Reinforcements in the shape of other Kampfgruppe were also deployed, including KG Brinkmann, 10th SS, on their way from the east and KG Knaust arriving from the north. The German aim was to contain the British until they had concentrated enough of their forces to destroy the British around Oosterbeek.
But at this stage of the action, immortalised in the famous scene in A Bridge Too Far, it is the armoured assault by Kampfgruppe Graebner over the Rijn bridge, which sticks in the memory. Moving from Elst seven miles to the southwest, Hauptsturmführer Graebner’s SS Aufklärungs Abteilung 9 KG moved off towards Arnhem. Reaching the south ramp of the bridge, Graebner, reputedly commanding from his captured Humber Scout Car, was relying on shock and surprise to carry the attack against the British paratroopers at the north end. Deploying his five heavy Sd.Kfz 234 armoured cars in column at the front, followed by up to eight halftracks mounting machine guns and short barrelled 7.5cm guns, along with a further eight trucks adorned with improvised armour made from sand-filled oil drums, Graebner’s force was initially misidentified by British lookouts as being advanced elements from the XXX Corps. However, the mistake was quickly rectified with a short artillery fire being called down on Graebner’s position.
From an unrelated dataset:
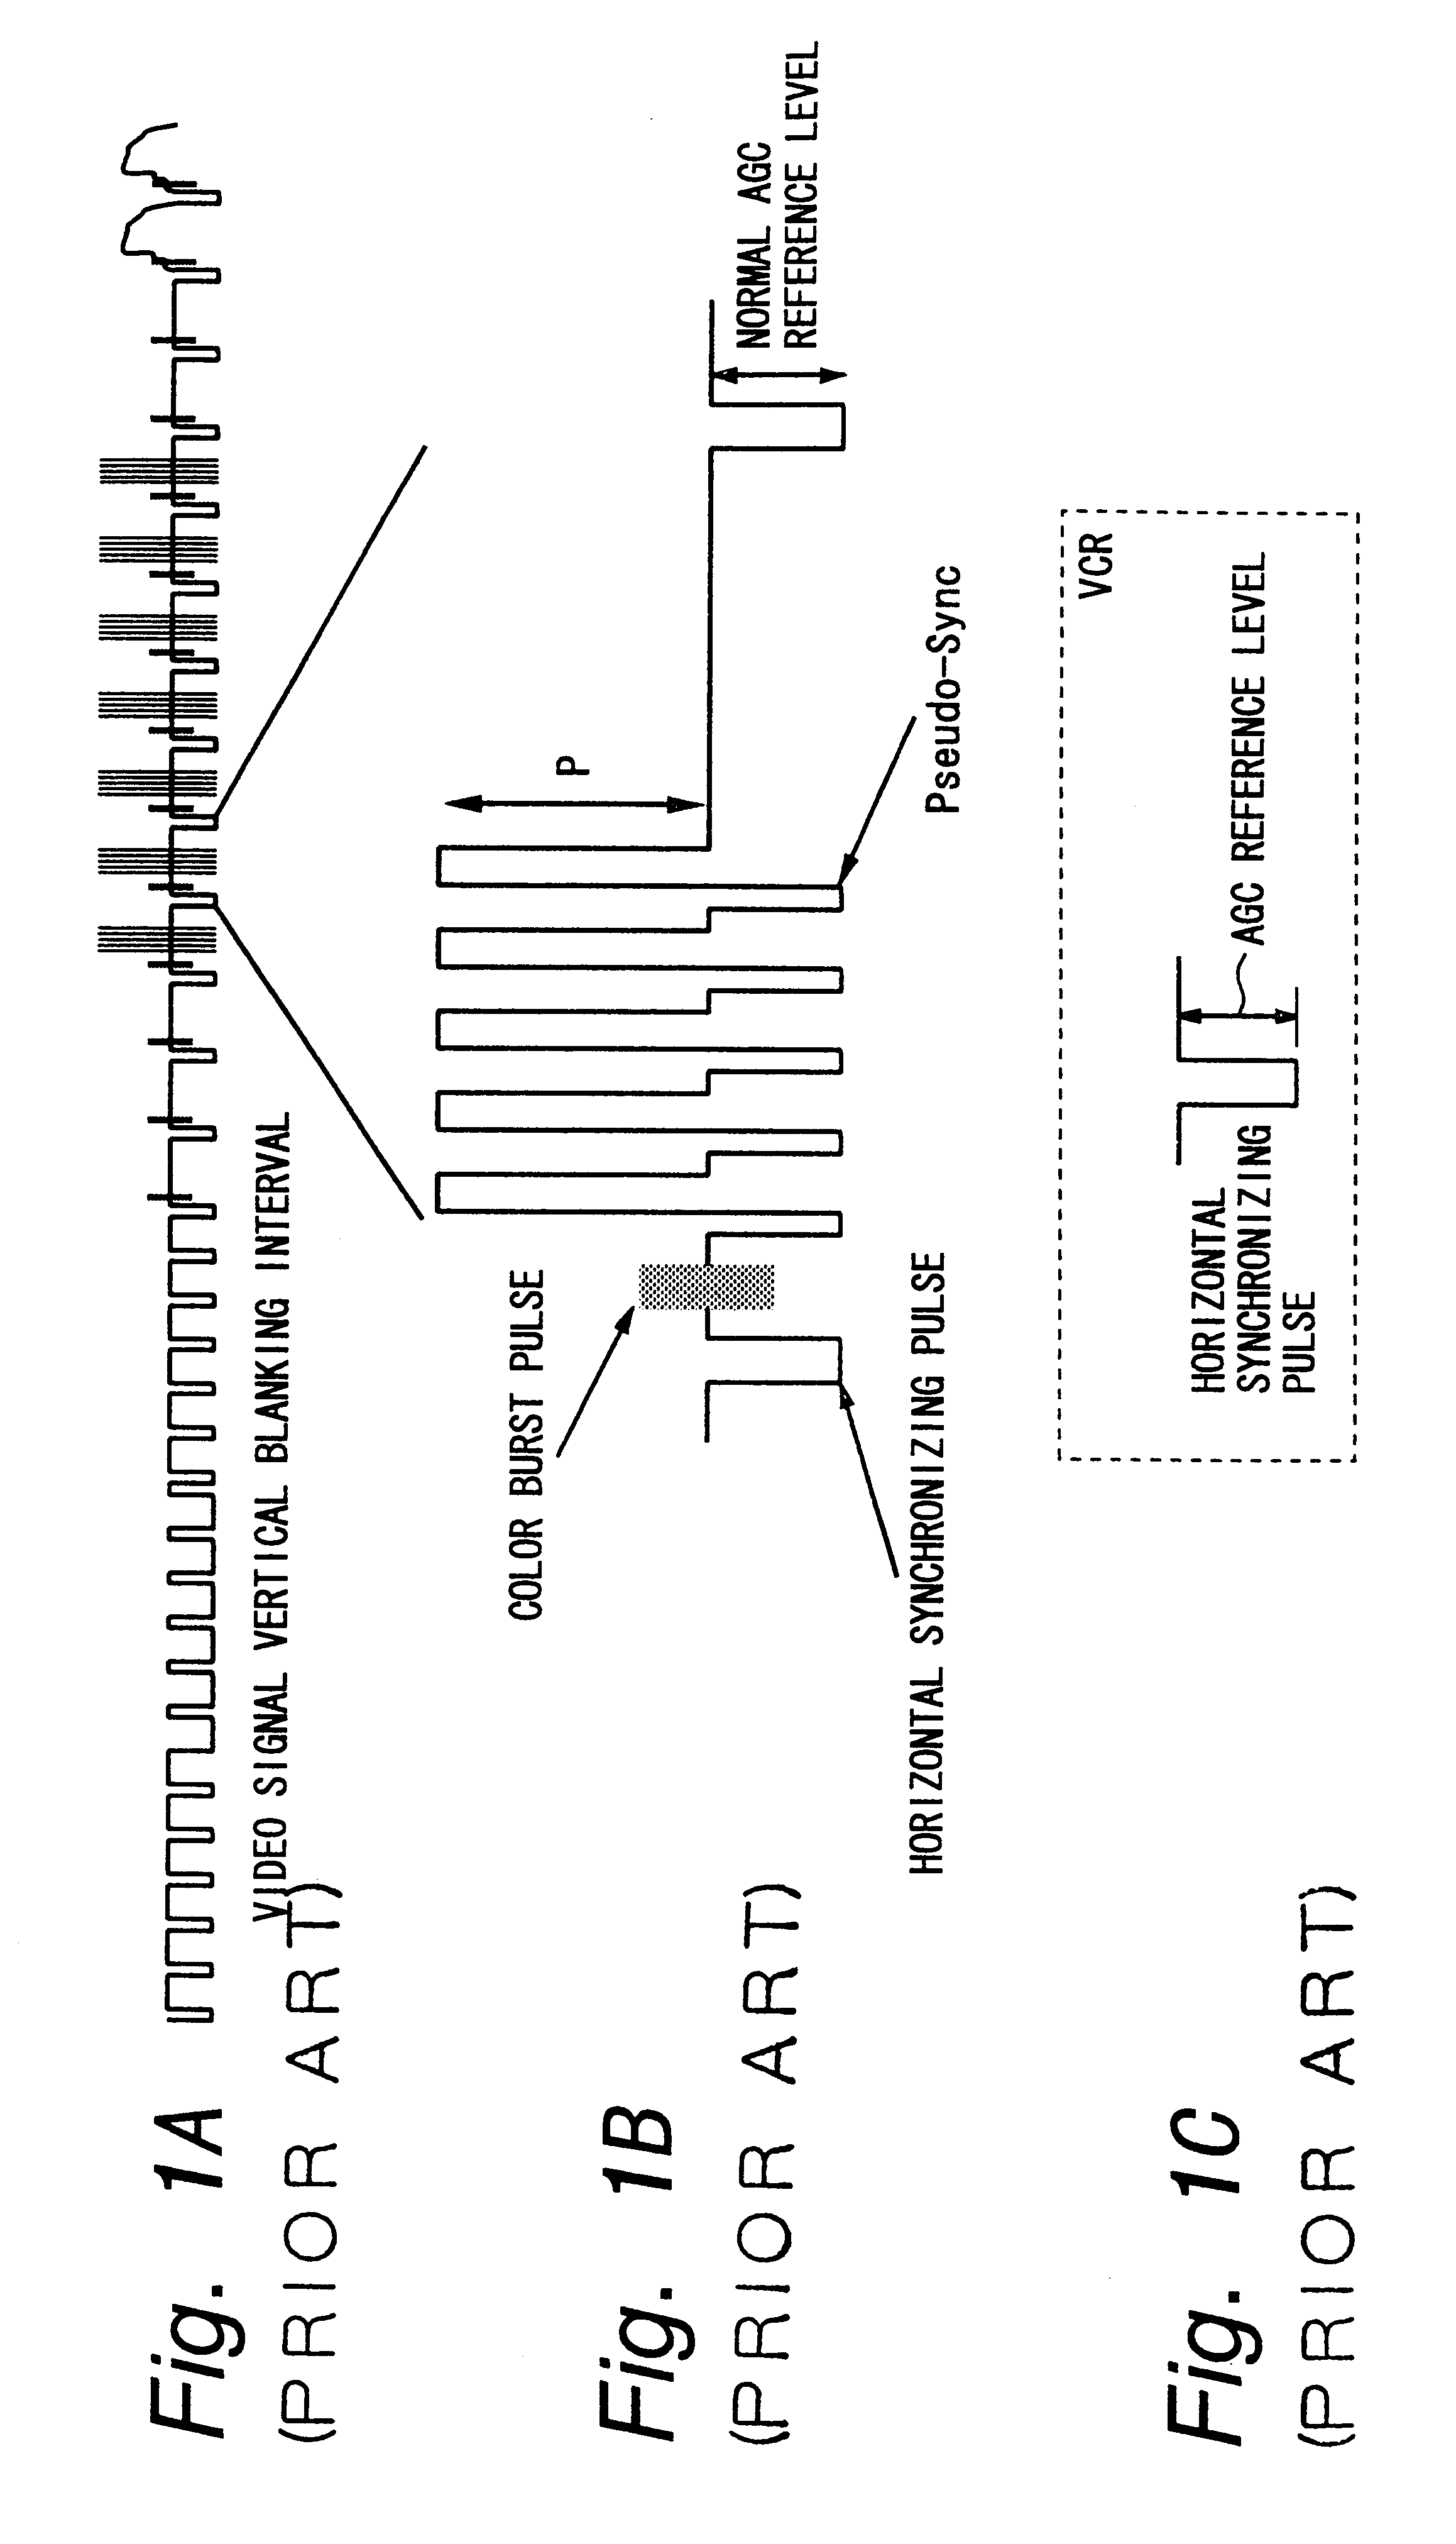 Video signal copy guard apparatus and method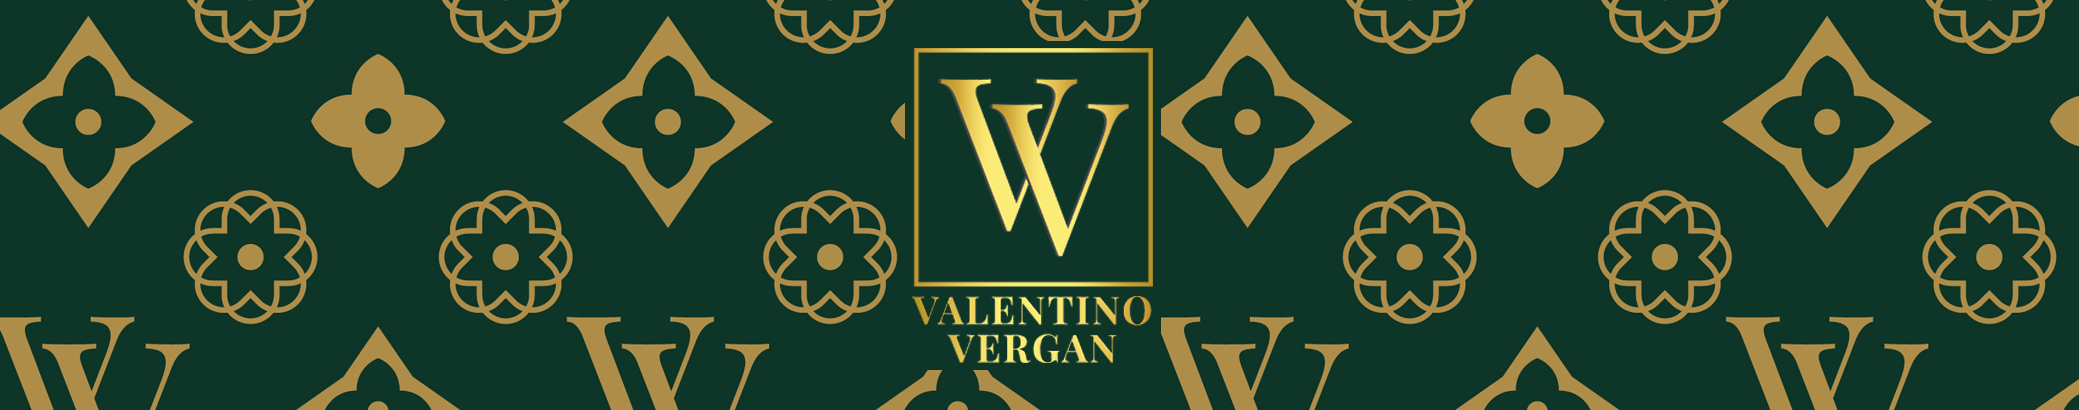 Valentino Vergan's profile banner

Once up the ramp, the bridge itself was 200m long, and Graebner’s force could expect some protection from the camber of the road and the bridge’s girders before they would be exposed to the full force of the British paratrooper’s fire. Another problem for Graebner’s force was maintaining a constant speed so that gaps in the column would not appear, allowing the vehicles to be isolated and picked off, which was not helped by the wrecks of four trucks that littered the road from the previous evening. Daisy-chain mines had been laid, but these appear to have been fairly ineffective.
With the armoured cars across the bridge and down the northern ramp, the open-topped halftracks now came into view. Firing from elevated positions in the buildings either side of the ramp, the Paras were able to pour fire down onto the occupants, and two 6-pdr anti-tank guns were able to engage them. Halfway down the ramp, one of the leading halftracks tried to reverse, causing a pileup with the following vehicles blocking the road.
With the AFVs and trucks now stalled on the road the paratroopers rained fire down on them with their collection of rifles, automatic weapons and PIATs to cries of ‘Whoa Mohammed’ – their North African campaign battle cry. Graebner was dead, and his attack had stalled with the survivors withdrawing back over the bridge littering the road with burning vehicles and their dead.